Following excellent performances at the bootcamp of the #contentaccelerator in June, two of our top talents have taken new roles as intrapreneurs at Sanoma this week. Making it happen! This innovative burst immediately caused temperatures to sky-rocket to a sweltering 33°C at the office. Respect to them for showing the courage of their convictions and going for it. And thanks especially to the local organisation for supporting a speedy transition.
Creativity and customer-focus sit deep in Sanoma’s character. However, we have deliberately organized these and other new ventures separately from the core business, yet cooperative with it. We wanted to establish a model which gave the accelerators and new ventures the liberty to exploit their disruptive opportunity unrestricted by the core, yet in a way which supported both the new venture and the core. In my view, the process of the accelerator (ideation and competence development for hundreds of people from the core) and the sharing of various capabilities in the operation (mainly marketing, technology and expertise) achieve that.
I recently came across an excellent article by Gilbert, Eyring & Foster, in the Harvard Business Review called Two Routes to Resilience which clearly articulates the case for developing disruptive and core businesses separately yet under one umbrella. How to organize for new growth?
The authors make the case that when your industry is undergoing disruptive change, companies should respond by making two distinct transformations in parallel. Transformation A focuses on repositioning the core business to its altered circumstances. Transformation B should create disruptive innovations that will eventually bring new growth. And the structure should work for both through a “capabilities exchange” that allow the sharing of select resources for the benefit of both parties, without changing the mission of either. Each transformation needs a leader fully convinced of the future success of their mission. Both pillars of the transformation have to act in the market as if the future of the company depended on it alone.

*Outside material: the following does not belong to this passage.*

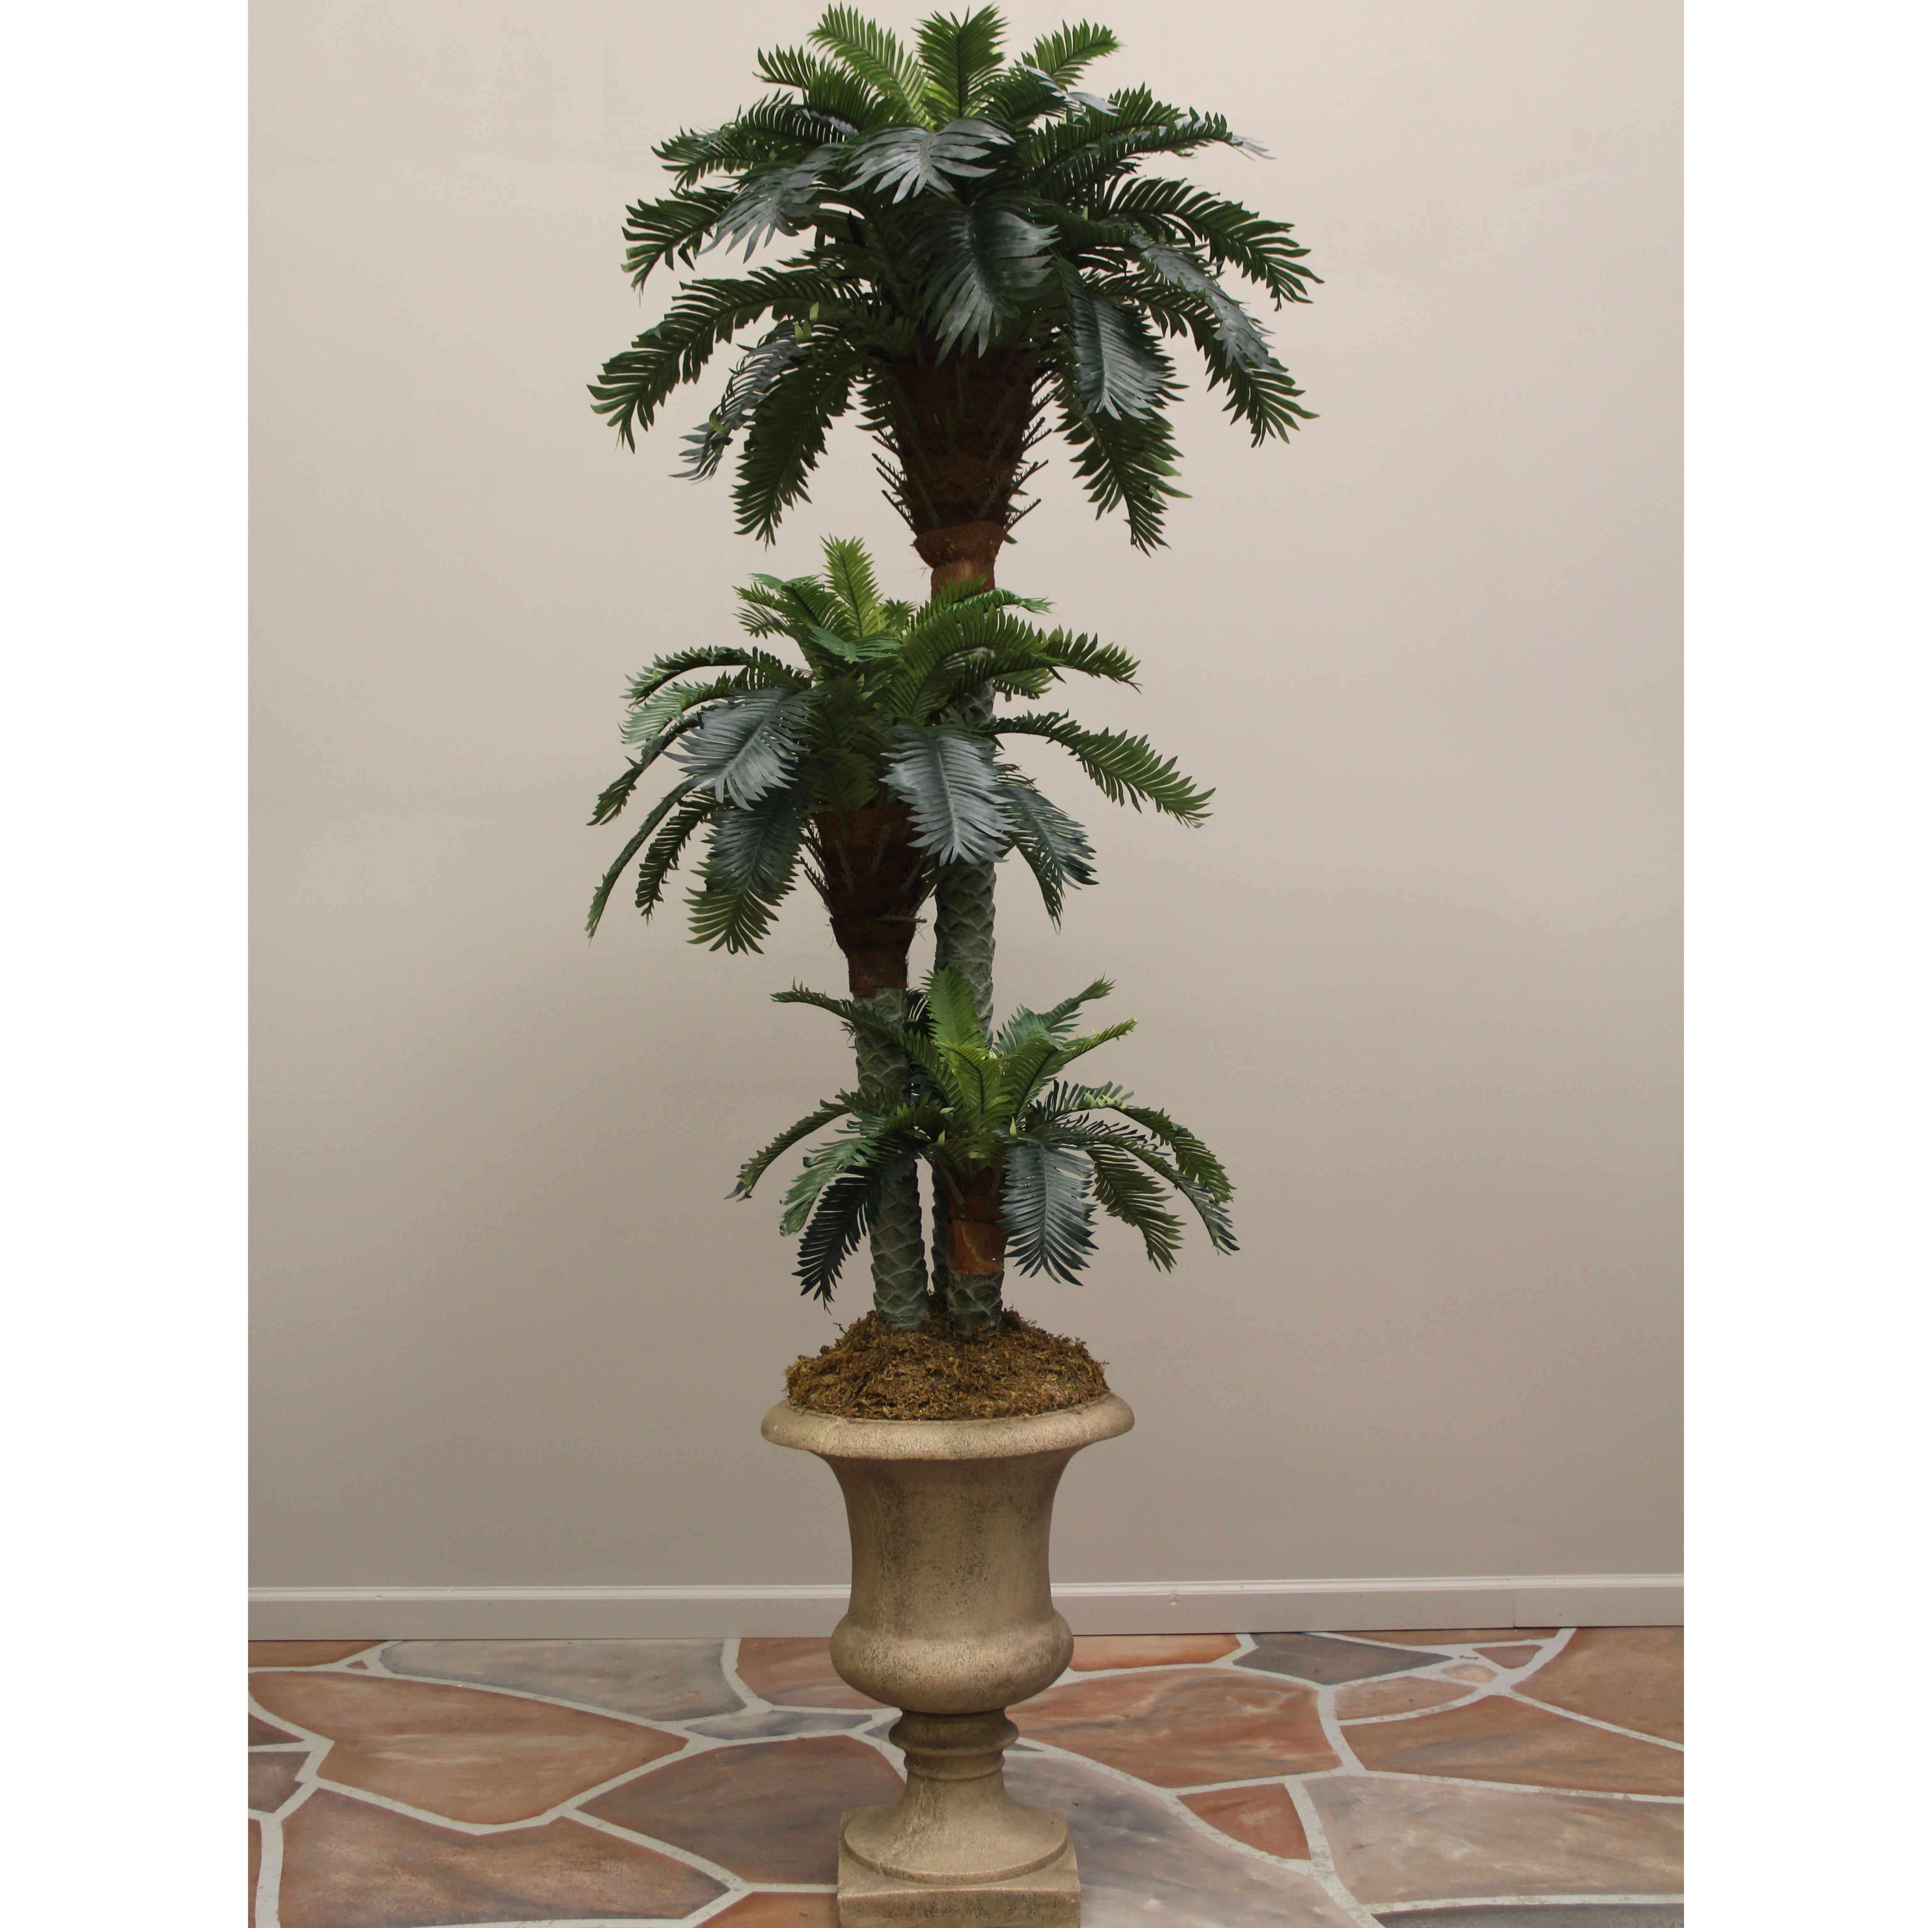 Palm Tree Home Decor 28 Images Palm Tree Home Decor Home Decorators Catalog Best Ideas of Home Decor and Design [homedecoratorscatalog.us]

The “capabilities exchange” should in principle bring competitive advantage to each pillar in the transformation. In the case of our accelerators and new ventures, some important shared resources come to mind. The Sanoma brand helps us to build connections to consumers, advertisers and schools. Easy access to media and traffic help support existing brands and build new brands. Expertise in content, advertising, learning and other capabilities required in managing a company, such as finance and HR can support each transformation. The re-use of content and technology can reduce unit costs and bring speed to innovation. An international network can bring scale. Access to a skilled talent pool and methods of developing new skills on innovation are required in both tracks. And a dual transformation can support the financing of the respective pillars. That’s quite an exchange when you come to think of it!
Boosting Transformation B
For the sake of good order, Sanoma has many growing, successful and disruptive business lines and I would not for one moment say that the ventures born from the accelerators are the only seeds of the next generation of our products and services and everything else is legacy. That’s clearly not the case. The new ventures are just one of the pockets of innovation and digital disruption in the company. And we have many other business lines which would not count as digital disruptions but are far from legacy status.
Yet the argumentation in the HBR article is good and sharp. I believe it’s a credible approach and our actions and investments in new ventures are for their part consistent with it. Bringing additional relative scale to what the HBR article refers to as transformation B (the new growth businesses) would help to support the dual transformation. Increasing the pipeline of new ventures would be one way to achieve that.